Limited Deep Dive into Model Sensitivity: The paper does not thoroughly explore the sensitivity of the model to different hyperparameters (e.g., number of dual graph attention layers (N), learning rate) or variations in the sinusoidal embedding. Such analysis would provide more insights into the model's robustness.
Scalability for Larger Instances (my major concern): While the paper shows good scalability up to 50 nodes for Beijing, and 20 nodes for other cities, TDTSP in real-world logistics can involve hundreds or thousands of nodes. The computational time for "Ours (Imp)" on Beijing-50 (1549.88s) is quite high, suggesting that further work on scalability for very large instances (at least 100) is needed, or a discussion of trade-offs.
Training Complexity/Algorithm: The paper states that it cannot use the POMO training framework and instead relies on the REINFORCE algorithm.
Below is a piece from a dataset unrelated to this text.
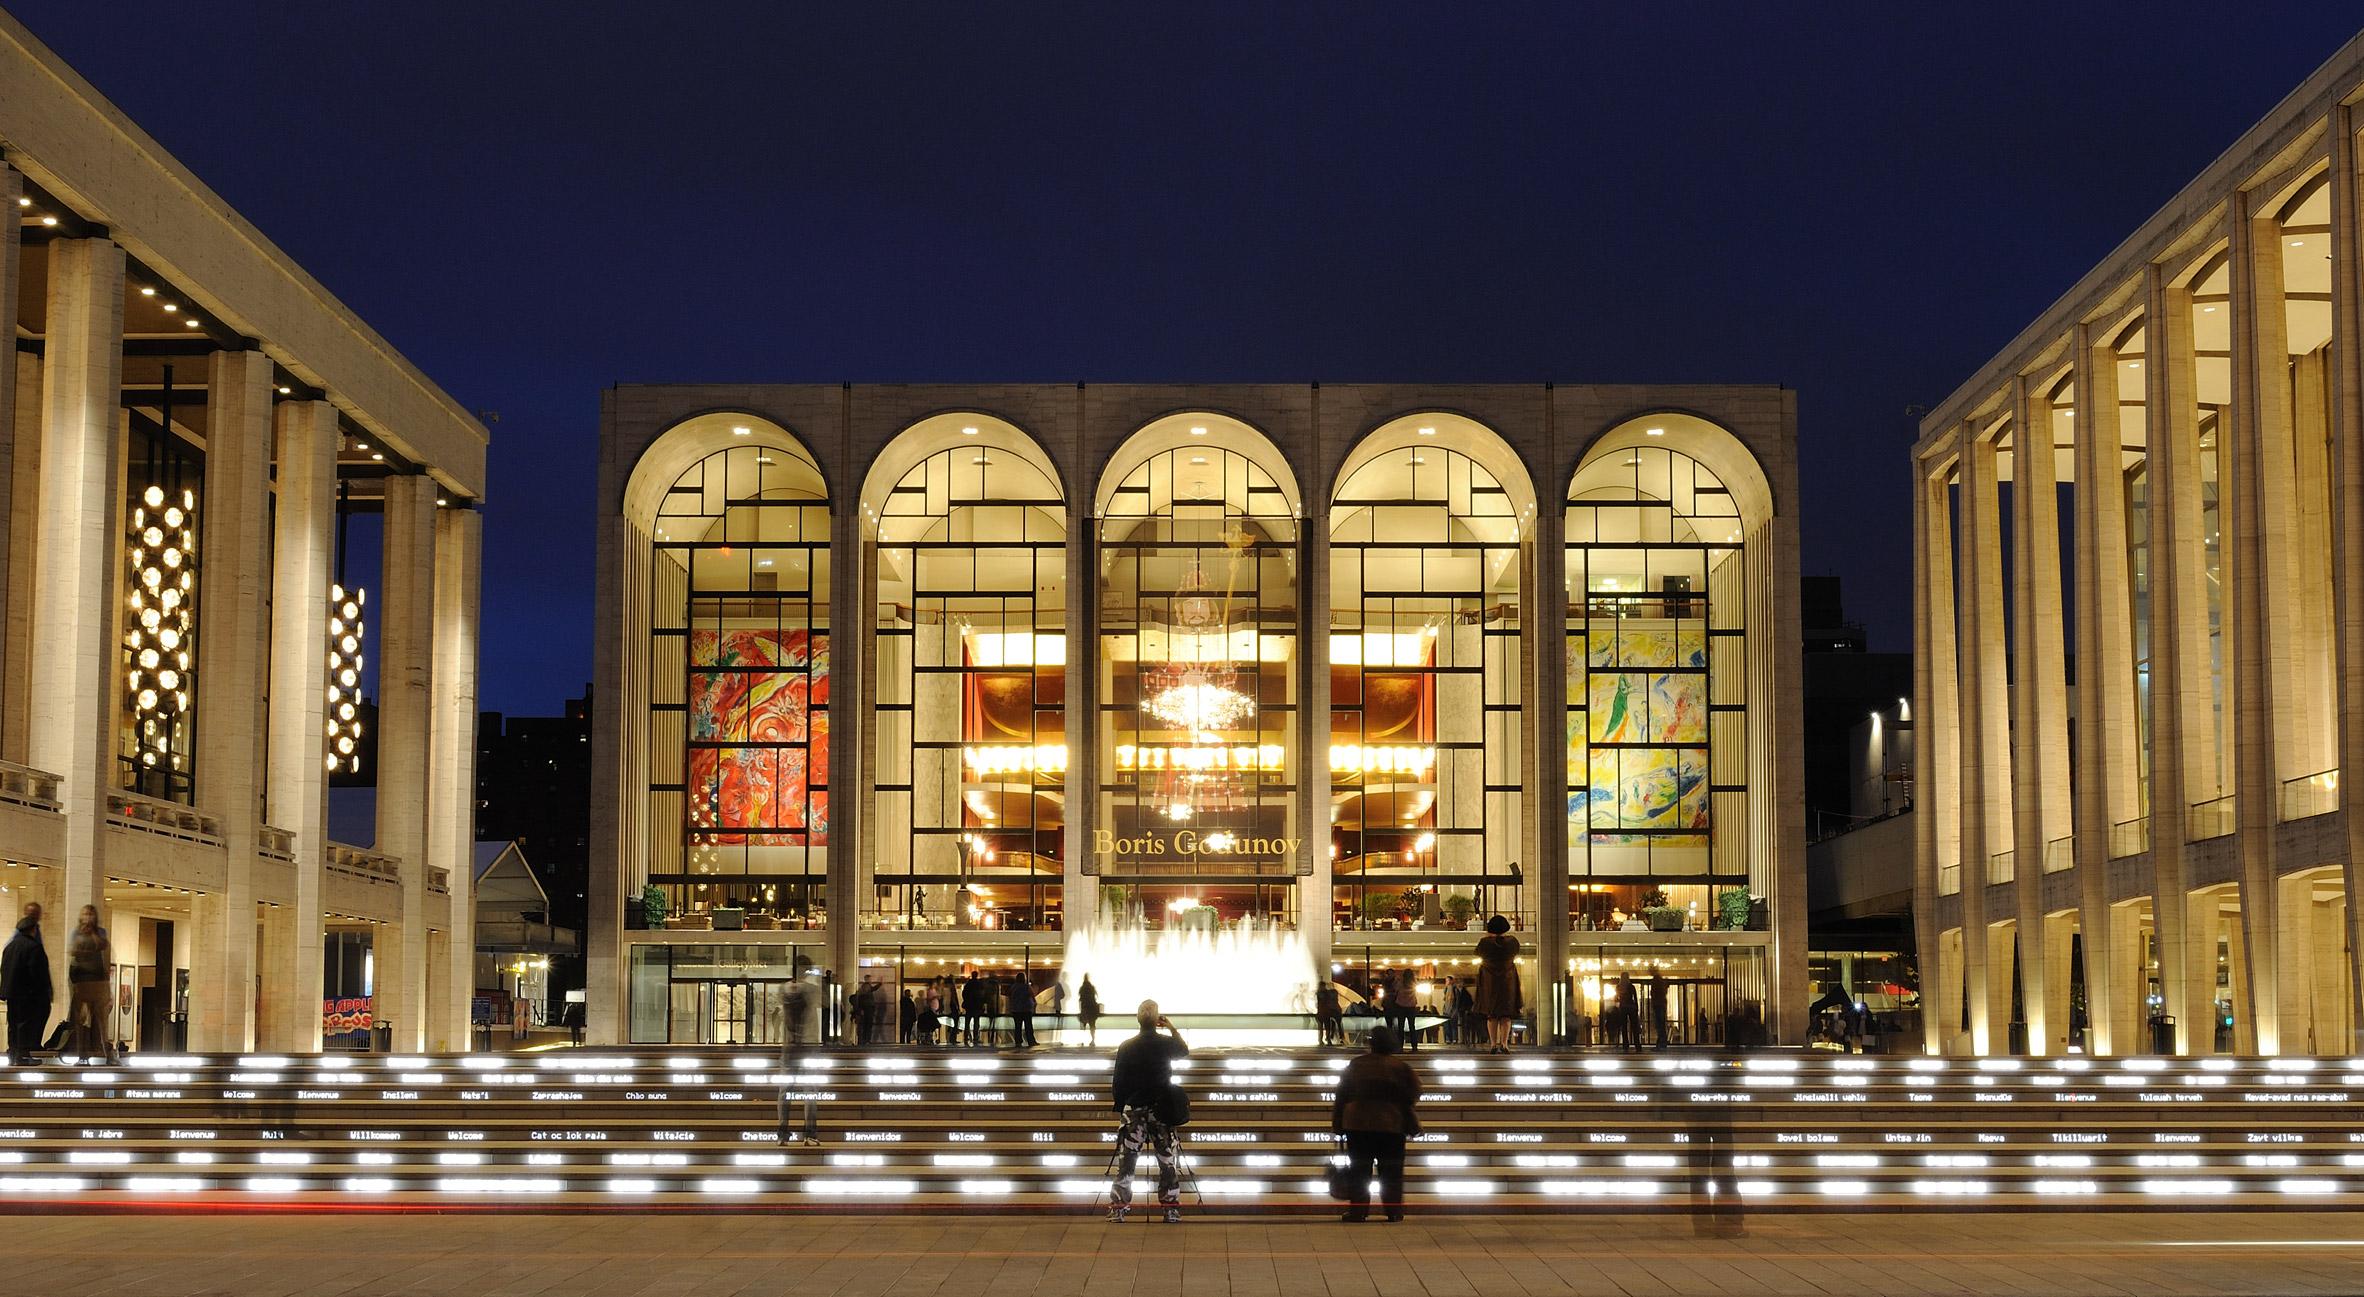 Lincoln Center, New York
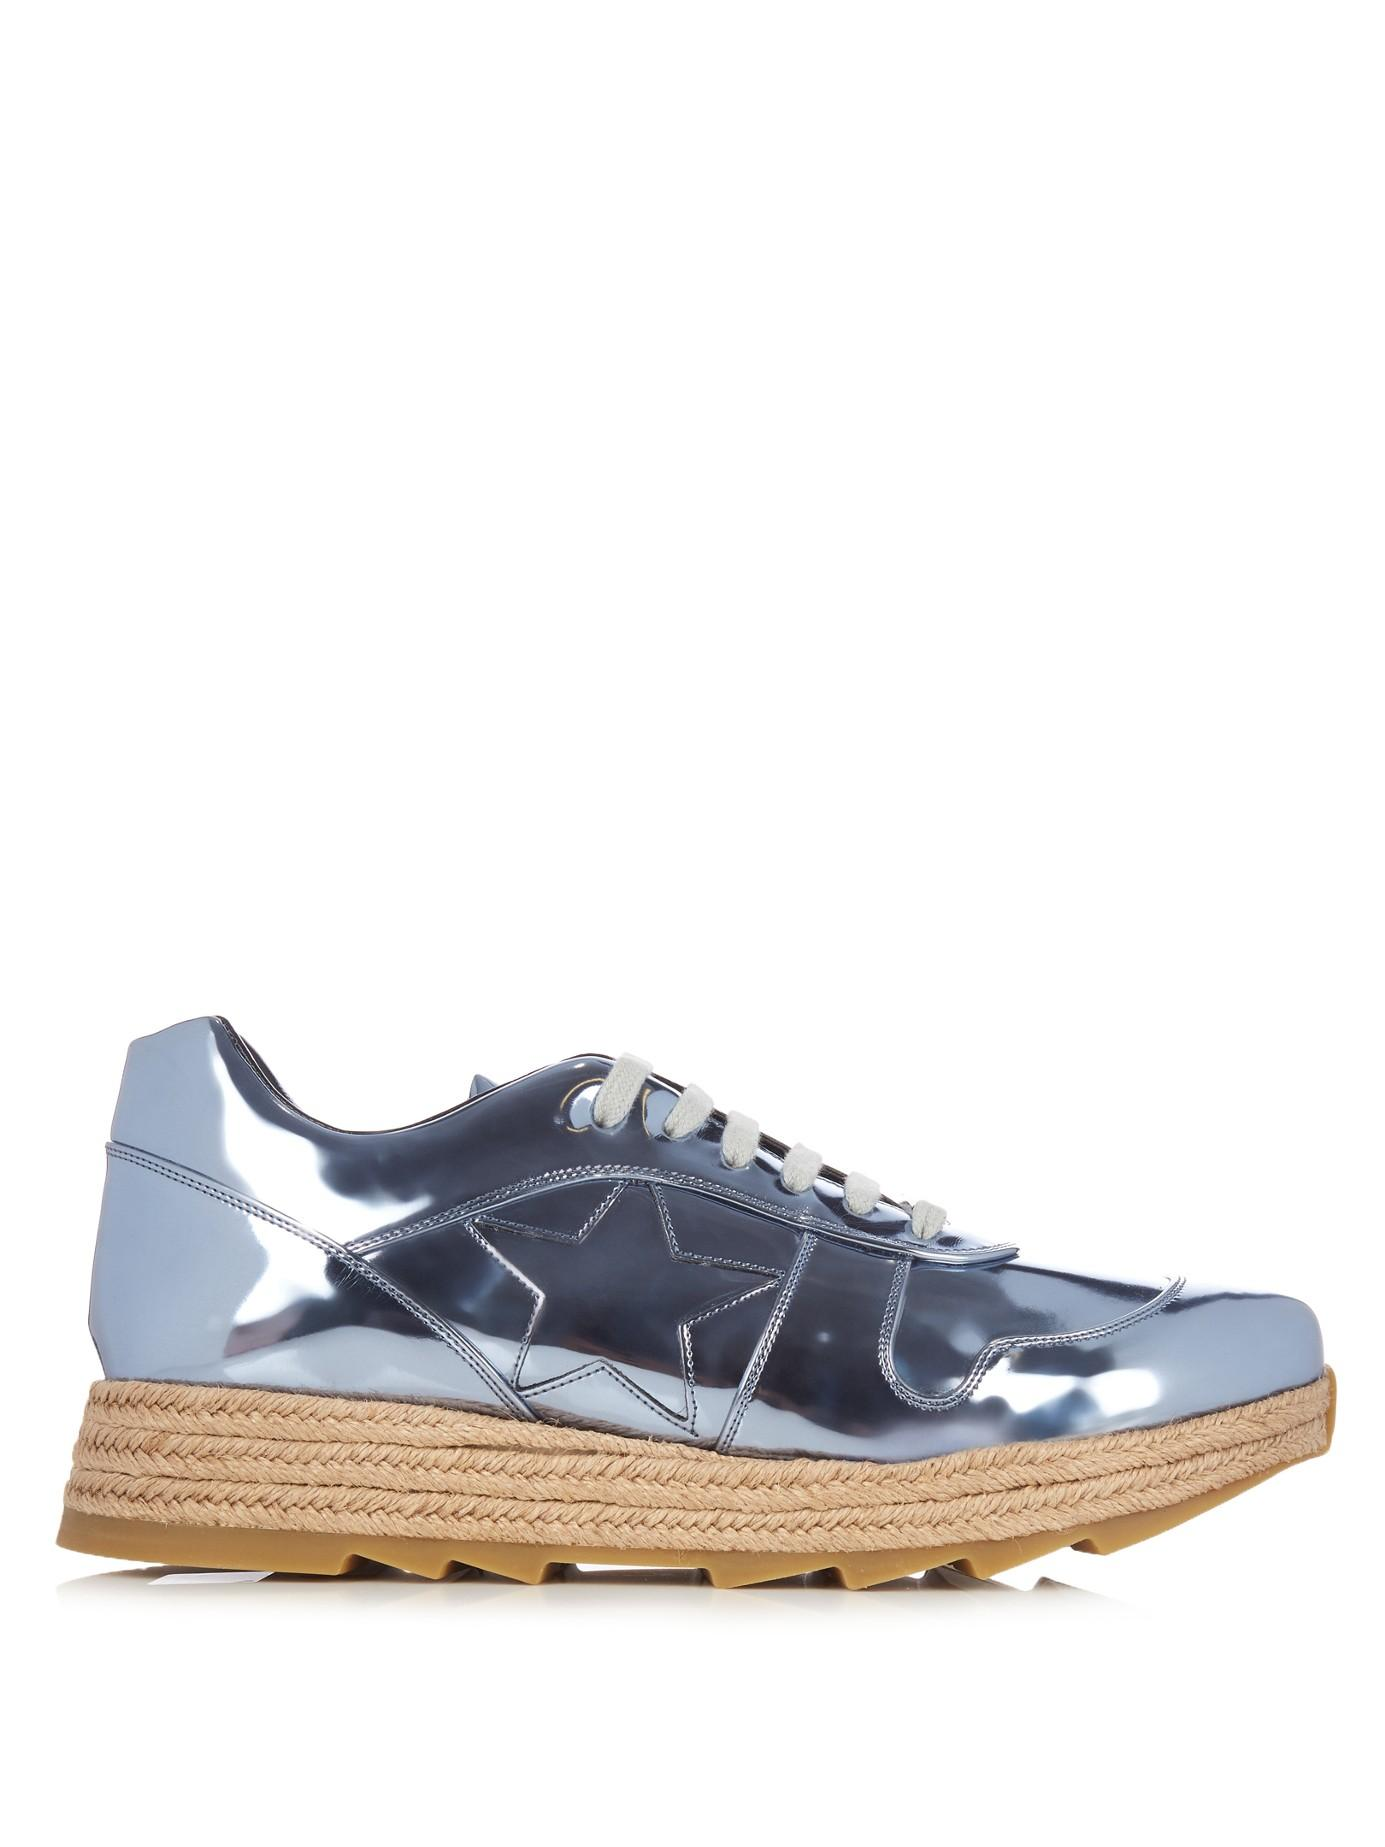 Adidas By Stella Mccartney Shoes Gold

While REINFORCE is a classic choice, it is known for high variance. A brief discussion on how training stability or convergence was managed, or whether alternative lower-variance policy gradient methods were considered, would be beneficial.
问题
Question: Could the authors provide more insights into the robustness of the proposed neural model? For example, how sensitive are the results to variations in the number of dual graph attention layers (N) or different initialization strategies? Suggestion: Conduct ablation studies or sensitivity analyses on key hyperparameters (e.g., varying the number of attention layers, exploring different learning rates for REINFORCE, or alternative temporal encoding methods beyond sinusoidal embeddings).
Question: For real-world logistics, TDTSP instances can involve hundreds or thousands of nodes. The current experiments primarily focus on N=10, 20, and 50 nodes. How do the authors envision scaling this approach to much larger instances, given the reported inference times for N=50 (e.g., ~1550s for Beijing-50)?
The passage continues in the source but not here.